Huntington Beach leaders have spent the last three months wrestling with how to handle prayer during their meetings.
Now, one councilwoman is proposing ending it altogether until city leaders can come up with an inclusive approach.
Traditionally, the Greater Huntington Beach Interfaith Council has nominated religious leaders to speak at the council’s religious invocation, offering a variety of speakers from different faiths.
But the council’s new Republican majority ordered the drafting of new rules that would have the city choose who can give an invocation in February, saying the current process was too politicized.
[Read: Huntington Beach Looks To Limit Who Leads Prayers Before Meetings]
To fill in, the city has had chaplains from the police and fire departments of the Christian faith offer a prayer at the start of each meeting, but there’s been no update to when a new policy is coming.
Councilwoman Natalie Moser, the most outspoken critic of the city’s shift away from the Interfaith Council on the dais, is proposing the city instead just holds a moment of silence during invocations to avoid the appearance of any faiths receiving favoritism.
“While the Chaplain’s service during this transition period is greatly appreciated, it is not the rotating system that Council has requested,” Moser wrote in a memo to her council colleagues. “(A moment of silence) would lend the same solemnity that invocations do, while respecting the diversity of faiths and beliefs of our community.”
In an interview with Voice of OC, Moser said while she didn’t want to move forward with only a moment of silence, it’s the city’s best option until they find a more inclusive route.
“I know it’s possible to do it right, but all I’ve seen so far is nothing, and what I have seen is only one faith group represented in that time,” Moser said of the council’s current policy. “If we can’t do that, then we have the option for a moment of silence, and while it’s not my preference that may be where we’re at.”
Councilwoman Gracey Van Der Mark, who proposed the new invocation process, did not return requests for comment from Voice of OC, but pledged to fight Moser’s idea at Calvary Chapel of the Harbour’s Sunday service when she was invited on stage.
“The issue that concerns us is an item that was brought forward to eliminate prayer at the beginning of our meetings and substitute it with a moment of silence,” Van Der Mark said. “I never thought we’d be standing here fighting to continue having prayer.”
Van Der Mark also encouraged the church attendees to either show up at the meeting or write a letter protesting Moser’s idea.
“We still have a country that has freedom of religion,” said senior pastor Joe Pedick. “This is all ridiculous, this is all an attack to shut down God…we need to fight for this country but it starts here in Huntington Beach.”
Pedick then prayed over Van Der Mark and the rest of the council’s conservative majority and wished them luck in the Tuesday night vote.

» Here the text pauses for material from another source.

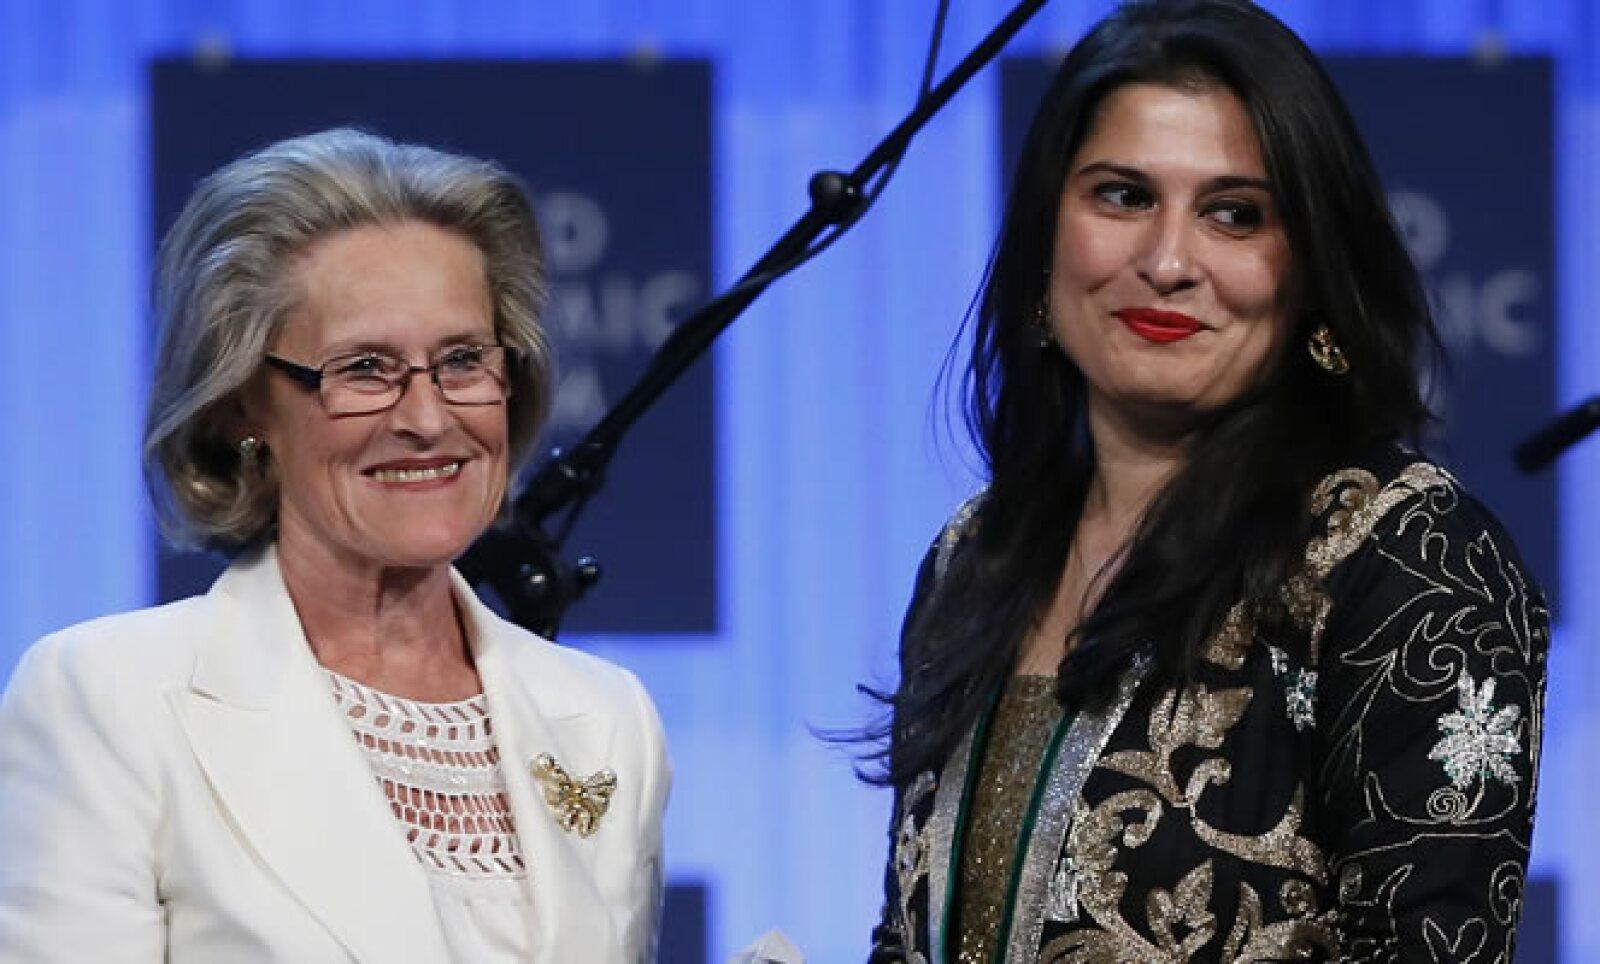 La periodista y cineasta Sharmeen Obaid-Chinoy (d) de Pakistán recibió el Premio Crystal de por parte de Hilde Schwab, presidenta y cofundadora de la Fundación Schwab para el Emprendimiento Social.
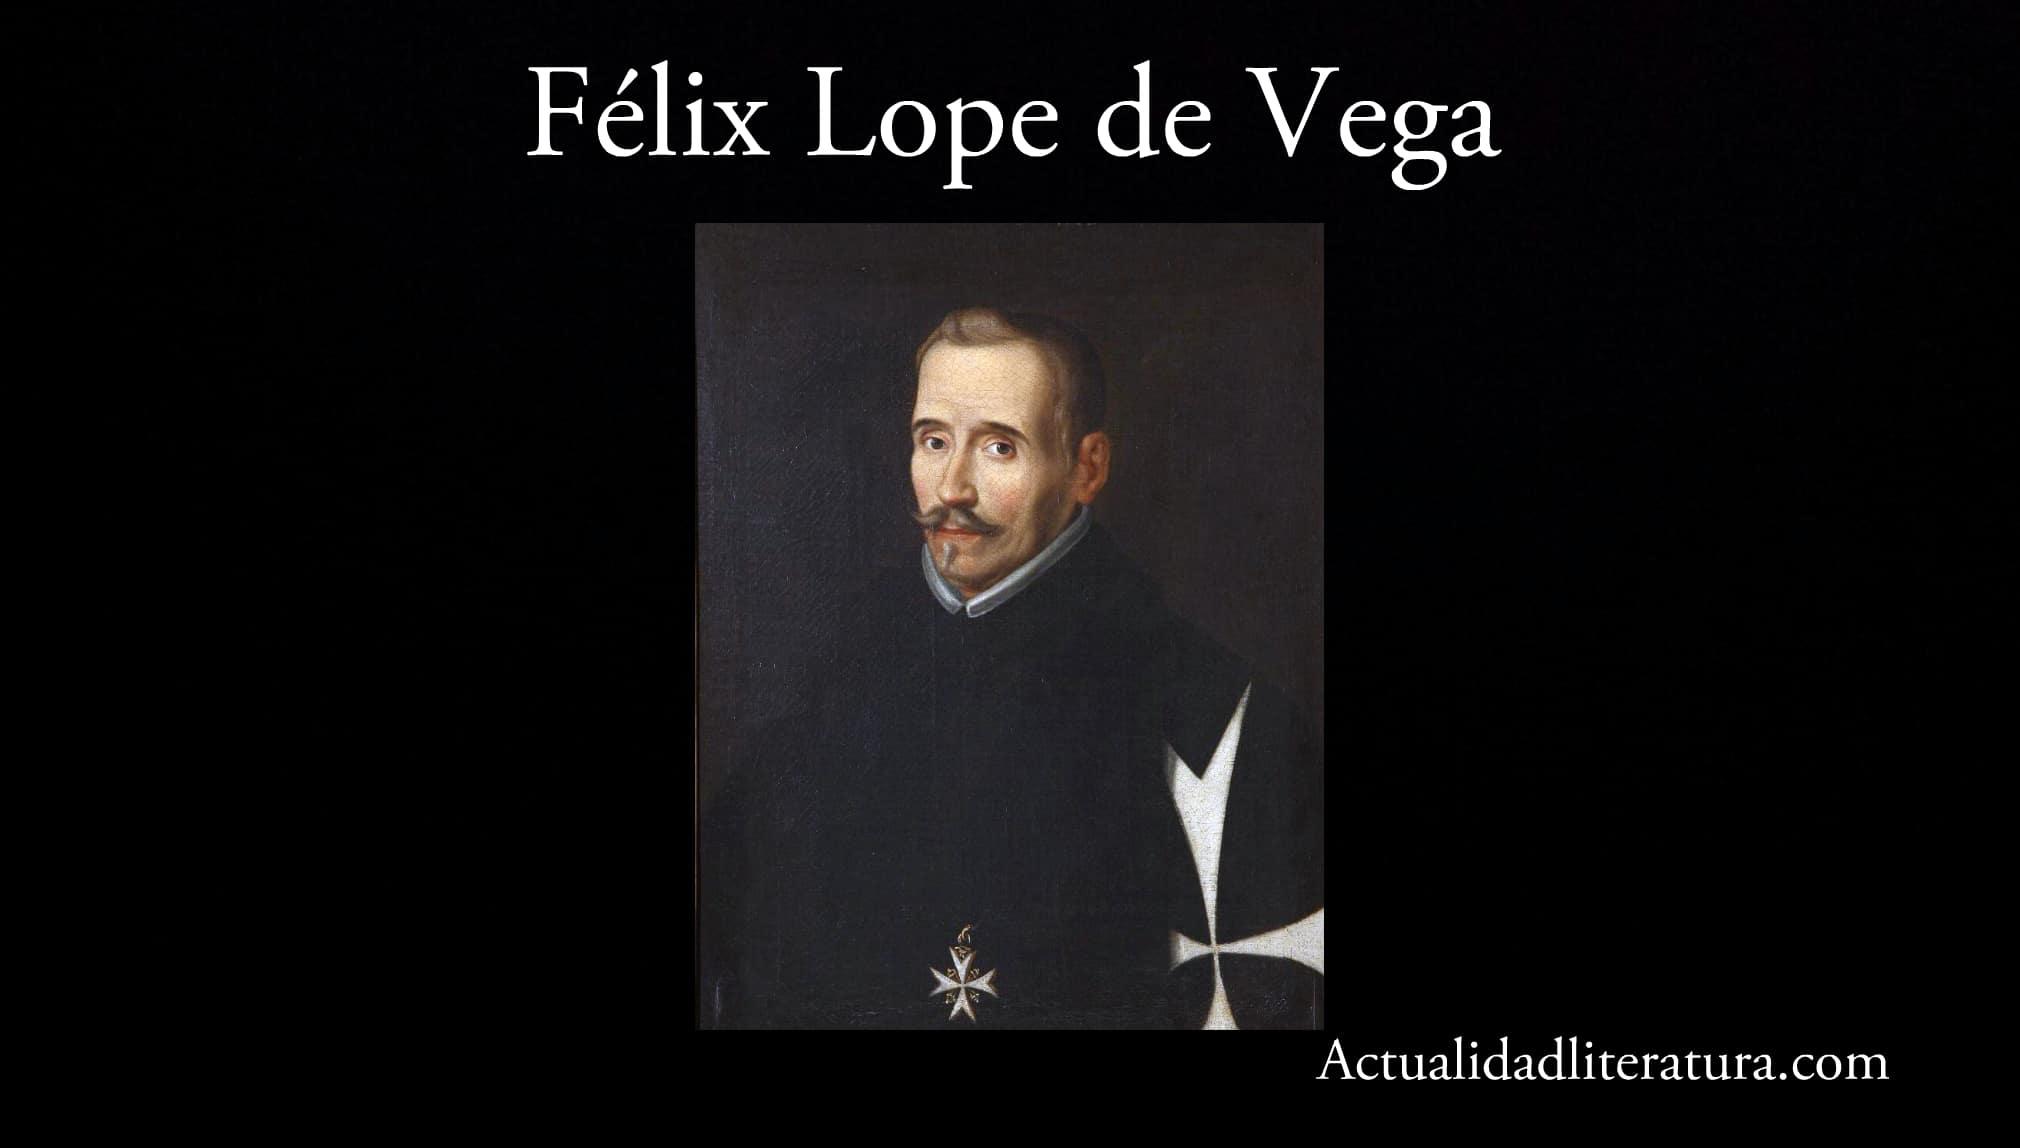 Félix Lope de Vega.

Moser called Van Der Mark’s remarks at the church “inappropriate,” and said she’s already received emails calling her “morally bankrupt,” or that she’s trying to eliminate prayer.
“The reality is I’m trying to create a constitutionally sound policy that represents the entire community,” Moser said.
Van Der Mark and the rest of the majority’s complaints revolved around Rabbi Stephen Einstein, a member of the Interfaith Council, claiming his prayer in front of city leaders on Dec. 6 was politically biased.
Councilman Dan Kalmick said that Moser sponsored Einstein for that invocation, but both said that there was no political motivation behind it.
“There wasn’t a lot of thought put into it. Let me put it that way. There wasn’t scheming,” Kalmick said in an interview last month. “There wasn’t like an analysis with a whiteboard and a spreadsheet. This was literally like a 30 second conversation.”
While Einstein did not openly state any political views during his invocation, he has been a vocal critic of Van Der Mark over the last several years, calling for her to be investigated in 2018 after she posted material online he described as anti-semitic, Islamophobic and racist.
While Van Der Mark was not removed from her post on the city’s finance commission at the time, she was removed from posts with the Ocean View School District.
Mayor Tony Strickland also claimed he’d received “hundreds,” of complaints about the invocation system, but a Voice of OC public records request found most complaints submitted to the city were over the council’s proposed new system, not the old one.
[Read: How Many Residents Really Complained About Prayers at Huntington Beach City Council Meetings?]
In an April interview, Van Der Mark claimed many of the complaints she received were in person or on social media and wouldn’t show up in a public records request.
The council meets at 6 p.m. on Tuesday night, and the meeting will be livestreamed to the city’s YouTube channel.